I went to a food equipment store to do some equipment research for my dessert business in the future.

The employee told me that the blodgett oven is overrated because people basically buying the name. Also usually have to turn the pan around every 5 mins for even baking. Same goes for the hobart mixers, just buying the name.

They said that the food equipment industry have improved over the past decade and there are better brands out there than blodgett and hobart. They recommend the turbofan oven because there is no need to turn around the pans and way cheaper than blodgett like 2k difference for a 2-ovens unit.

what do you think? is it true or just a sale pitch?


----------



## Iceman (Jan 4, 2011)

I don't know anything about _Blodgett_ ovens ... but my answer to a guy ragging on _Hobart_ mixers would probably be along the lines of _"OK ... Thank you for your time today ... Let me get back to you.

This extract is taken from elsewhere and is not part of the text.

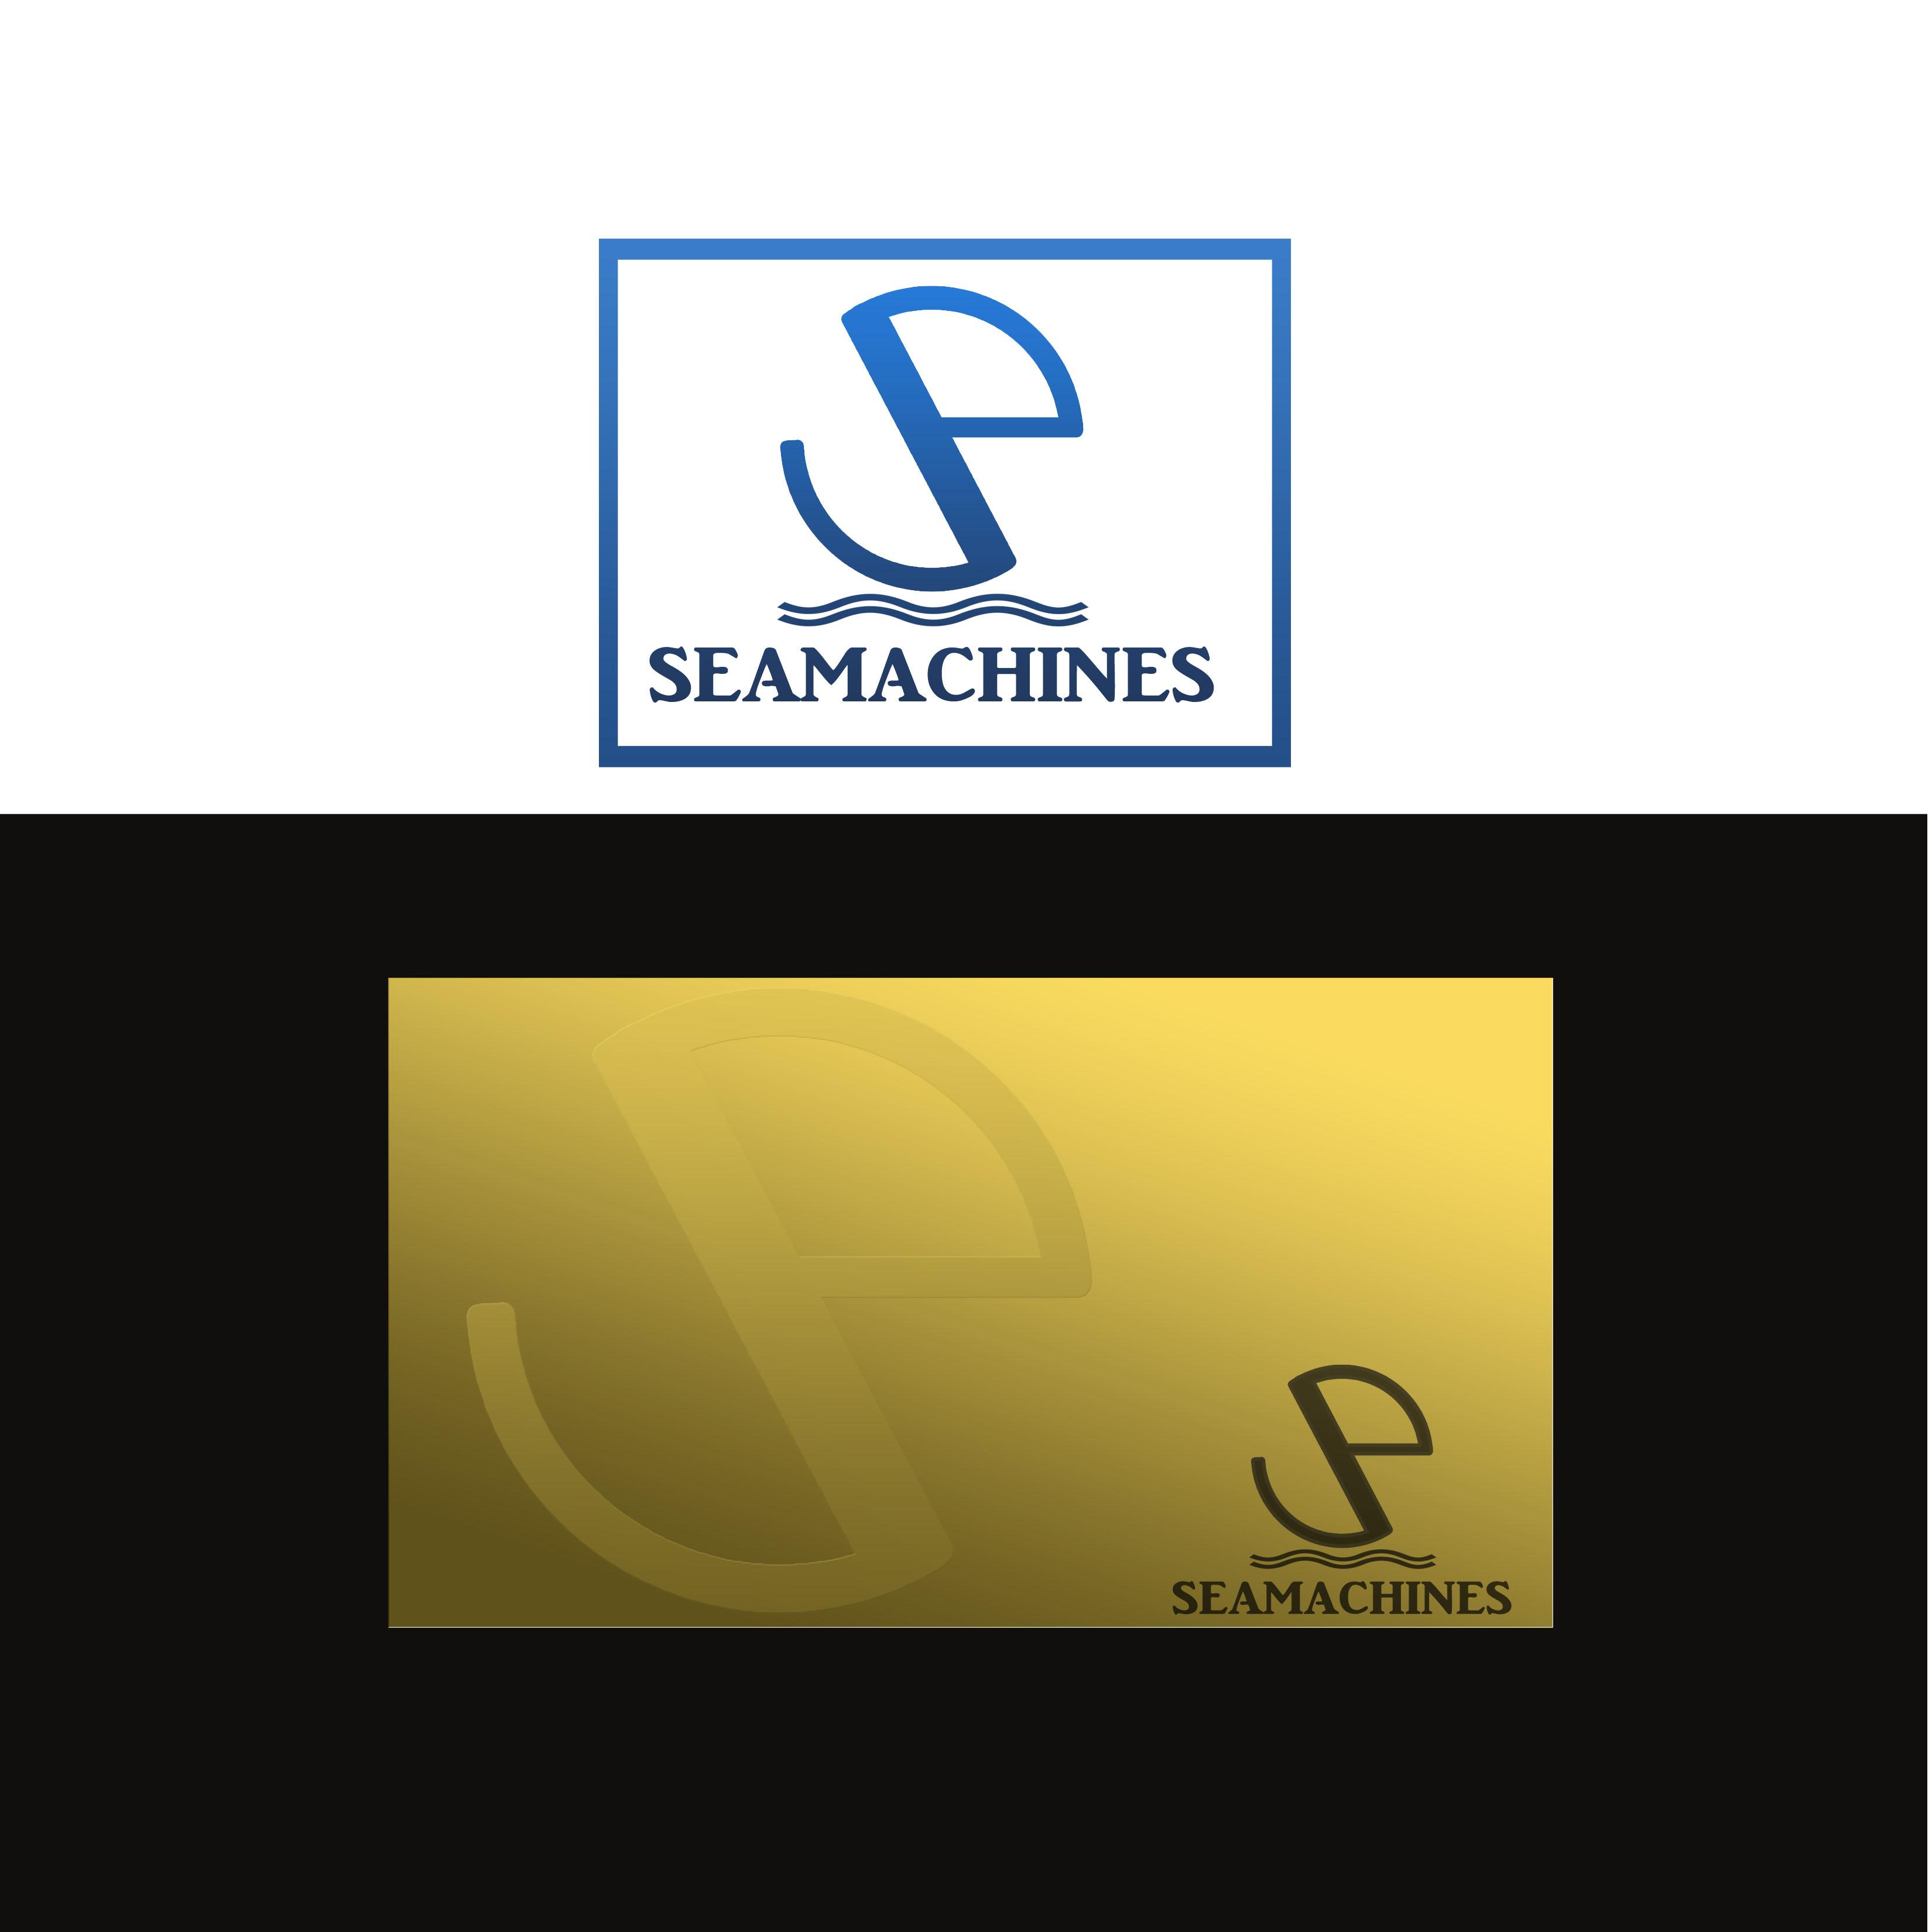 Logo Design by Allan Esclamado - Entry No. 78 in the Logo Design Contest Creative Logo Design for SeaMachines.

Adios Muchacho."_

Could I be wrong? Oh yeah, sure, being that I haven't used a Hobart mixer made this century. Their quality may have declined. That being said, I don't know what the #2 brand is. As for _Turbofan_ ovens ... _Well, they're cool._ I haven't used one enough to give an opinion other than _"They're cool"_.


----------



## flipflopgirl (Jun 27, 2012)

I don't usually agree with (the) Ice Man, but he is absolutely correct on the Hobart.

That mixer is a kitchen work horse.

I am gonna jinx myself here...I have never had one break on me.

As far as I know the one I found for my bro's kitchen has never been new, lol

mimi

** Unless you are pumping out by the thousands for the unwashed masses, there is no place in the bakery for a fan oven of any brand, of course this is IMO ;-)


----------



## mulak (Jan 2, 2006)

I do agree about the hobart... it a ironclad equipment... it was a bit shocking to hear that hobarts are declining... I have dealt with hobart mixers for years, no problems so far... knocking on the commercial metal table 

on the other hand for blodgett ovens... I'm currently working in a bakery that sells cupcakes, cakes, pies, cookies etc... they have a 2-ovens unit blodgett, they are a bit of annoying ovens because we have to turn the pans around like every 5 mins to ensure even baking

Do you know a better brand of ovens that reduce this "turning the pans every 5 mins" situation into just once during half-baked of the products?


----------